Met zijn fel metaalblauwe kleur en de bijna zwarte vleugelvlekken is het mannetje van de weidebeekjuffer een opvallende verschijning. Hij wordt wel
de ijsvogel onder de libbelen
genoemd. Vroeger heette hij wel beekster (en z'n naaste verwant de bosbeekjuffer werd
beeknimf
genoemd. En in een lijst met nieuwe Friese libellennamen wordt voorgesteld om hem
blauwe flint
erlibel te noemen.
Vanaf juni kan je ze met soms wel tientallen boven het water zien rondvliegen. Het is een van de weinige libellensoorten waarvan de mannetjes baltsvluchten uitvoeren om het vrouwtje te imponeren. Het gaat tegenwoordig goed met deze soort dankzij beekherstelprojecten en verbetering van de waterkwaliteit van stromende wateren.
De wetenschappelijke naam van juffers is Zygoptera, een suborde van insecten die samen met de echte libellen de orde van de libellen (Odonata) vormen. Wereldwijd zijn er zo'n 2500 soorten juffers. Ze zijn van echte libellen te onderscheiden door een aantal kenmerken:
- ze blijven over het algemeen kleiner, dunner en hebben ook tevens kleinere en dunnere vleugels.
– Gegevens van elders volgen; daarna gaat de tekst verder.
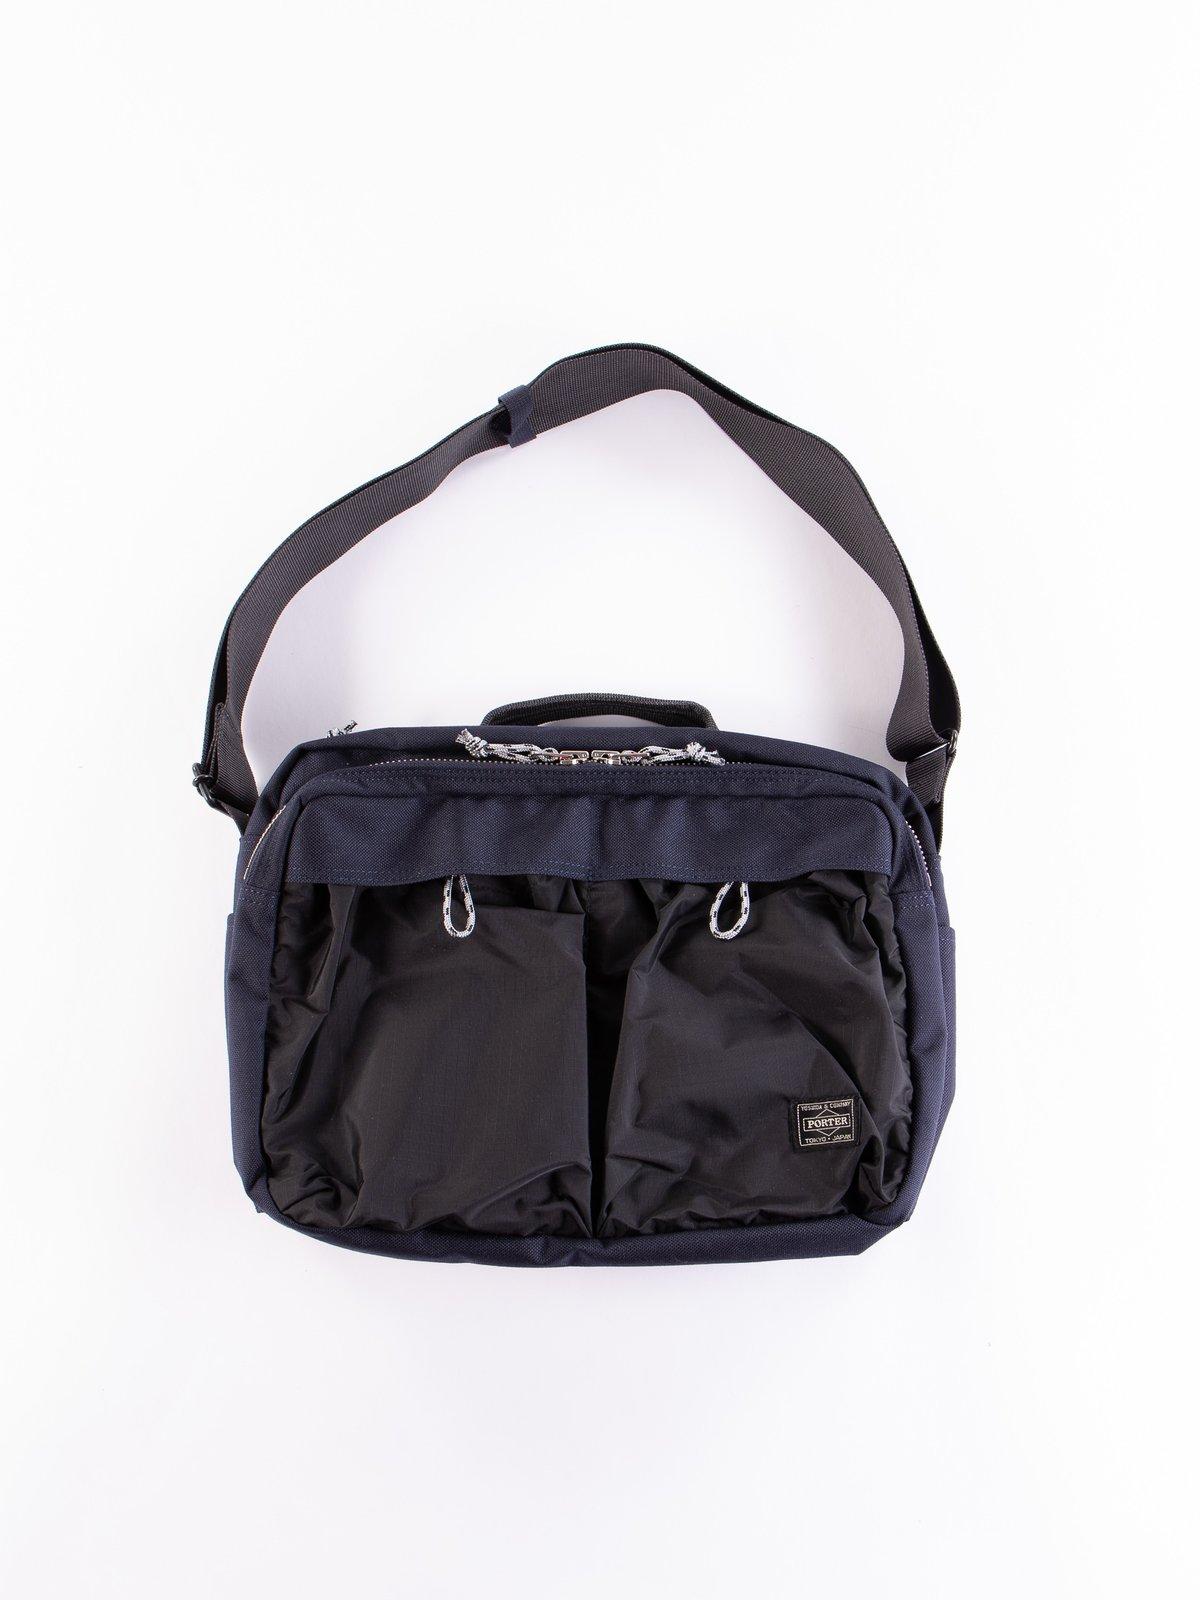 Navy/Black Hype 2Way Shoulder Bag - Image 1
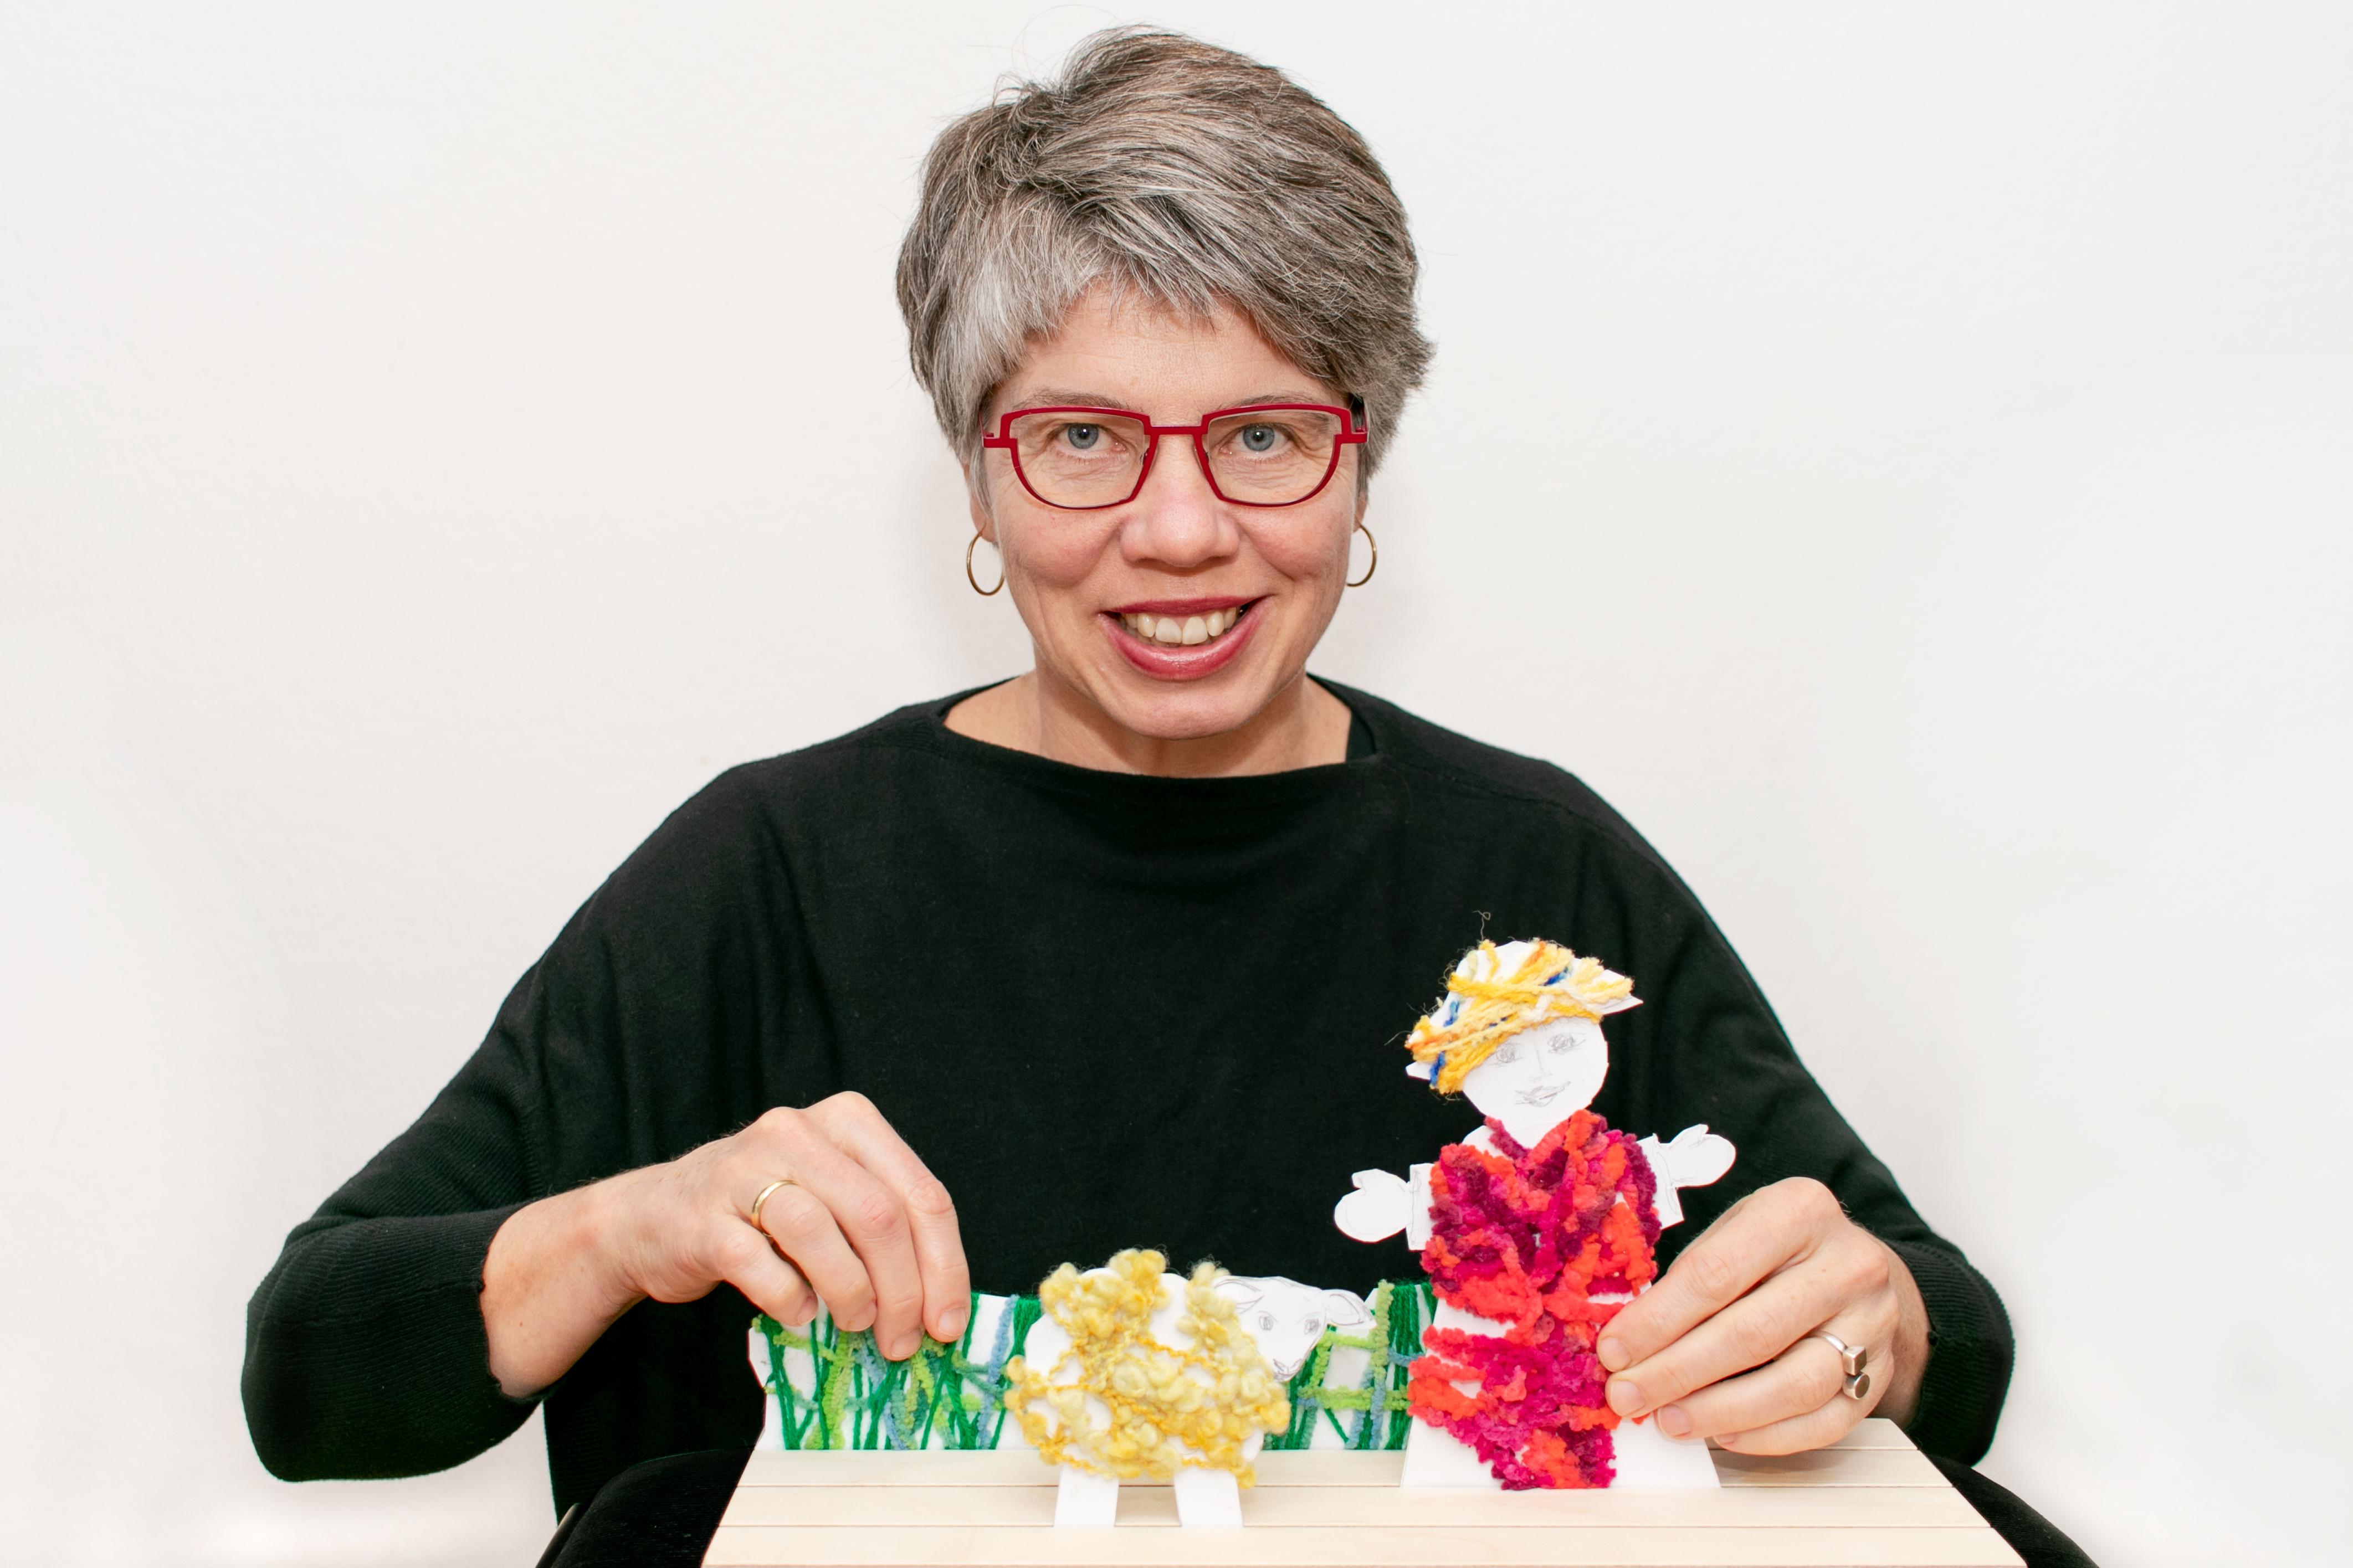 Gabi Scherzer, Erfinderin und Autorin, mit der Erzählschiene. Foto: privat

- de ogen zijn relatief klein en staan verder uit elkaar dan bij echte libellen
- in rust vouwt een juffer de vleugels achter de rug (met uitzondering van de pantserjuffers), terwijl een echte libel ze spreidt, daardoor lijkt het soms alsof juffers maar twee vleugels hebben en niet (zoals alle libellen) vier.
De weidebeekjuffer is 45 tot 50 mm groot en komt in Nederland vrij algemeen voor (alleen in een brede strook langs de kust is deze juffer nauwelijks te zien). De soort is over vrijwel heel Europa verspreid. De weidebeekjuffer vliegt van mei tot begin augustus bij voorkeur bij langzaam stromende kleinere wateren, zoals beken, maar ook bij kanalen en riviertjes. Het hele jaar door moet zuurstofrijk water van redelijke kwaliteit aanwezig zijn.
Weidebeekjuffers lijken op hun familieleden de bosbeekjuffers, met wie ze regelmatig samen voorkomen. De vleugels van mannetjes weidebeekjuffer zijn aan de basis en de top doorschijnend en die van de bosbeekjuffer helemaal donker. De vleugels van de vrouwtjes zijn groen resp. meer bruin doorschijnend van kleur.
Juffers leven het grootste deel van hun leven onder water. Voor deze soort is de levenscyclus als volgt: de eieren komen uit in de herfst, waarna de larven 1 of 2 jaar overwinteren. Als het water koud is duurt het lang, in warme wateren sluipt de weidebeekjuffer al na de eerste overwintering het water uit. Dan vervelt de larf en krijgt vleugels. Na een dag of tien kan dan de voortplanting beginnen.